> [WHAT YOU ARE ASKED TO DO]: With every line kept intact, print the entries that appear below.

===== MATERIAL FOR THIS TASK =====

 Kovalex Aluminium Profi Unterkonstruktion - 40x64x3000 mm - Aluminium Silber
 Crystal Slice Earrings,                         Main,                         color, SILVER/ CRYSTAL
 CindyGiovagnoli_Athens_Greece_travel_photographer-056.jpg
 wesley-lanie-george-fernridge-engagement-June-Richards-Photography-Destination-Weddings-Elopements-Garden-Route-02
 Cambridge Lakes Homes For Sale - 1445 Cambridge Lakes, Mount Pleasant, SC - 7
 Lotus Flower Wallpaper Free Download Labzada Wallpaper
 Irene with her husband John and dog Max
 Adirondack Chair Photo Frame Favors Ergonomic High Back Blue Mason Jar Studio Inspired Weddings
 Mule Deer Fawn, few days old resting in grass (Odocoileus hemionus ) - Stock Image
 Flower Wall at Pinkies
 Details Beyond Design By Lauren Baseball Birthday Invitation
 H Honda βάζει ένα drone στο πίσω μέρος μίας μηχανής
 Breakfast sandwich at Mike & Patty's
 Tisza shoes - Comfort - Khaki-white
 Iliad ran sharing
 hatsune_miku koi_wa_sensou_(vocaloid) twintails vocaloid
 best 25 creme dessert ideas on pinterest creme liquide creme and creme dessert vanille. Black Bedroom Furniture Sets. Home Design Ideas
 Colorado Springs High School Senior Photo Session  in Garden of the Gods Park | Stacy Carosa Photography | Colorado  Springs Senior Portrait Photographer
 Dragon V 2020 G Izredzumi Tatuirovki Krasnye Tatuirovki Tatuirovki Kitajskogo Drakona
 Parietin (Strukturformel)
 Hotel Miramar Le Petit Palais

=====

> [RESULT OF THE TASK]:
 Kovalex Aluminium Profi Unterkonstruktion - 40x64x3000 mm - Aluminium Silber
 Crystal Slice Earrings,                         Main,                         color, SILVER/ CRYSTAL
 CindyGiovagnoli_Athens_Greece_travel_photographer-056.jpg
 wesley-lanie-george-fernridge-engagement-June-Richards-Photography-Destination-Weddings-Elopements-Garden-Route-02
 Cambridge Lakes Homes For Sale - 1445 Cambridge Lakes, Mount Pleasant, SC - 7
 Lotus Flower Wallpaper Free Download Labzada Wallpaper
 Irene with her husband John and dog Max
 Adirondack Chair Photo Frame Favors Ergonomic High Back Blue Mason Jar Studio Inspired Weddings
 Mule Deer Fawn, few days old resting in grass (Odocoileus hemionus ) - Stock Image
 Flower Wall at Pinkies
 Details Beyond Design By Lauren Baseball Birthday Invitation
 H Honda βάζει ένα drone στο πίσω μέρος μίας μηχανής
 Breakfast sandwich at Mike & Patty's
 Tisza shoes - Comfort - Khaki-white
 Iliad ran sharing
 hatsune_miku koi_wa_sensou_(vocaloid) twintails vocaloid
 best 25 creme dessert ideas on pinterest creme liquide creme and creme dessert vanille. Black Bedroom Furniture Sets. Home Design Ideas
 Colorado Springs High School Senior Photo Session  in Garden of the Gods Park | Stacy Carosa Photography | Colorado  Springs Senior Portrait Photographer
 Dragon V 2020 G Izredzumi Tatuirovki Krasnye Tatuirovki Tatuirovki Kitajskogo Drakona
 Parietin (Strukturformel)
 Hotel Miramar Le Petit Palais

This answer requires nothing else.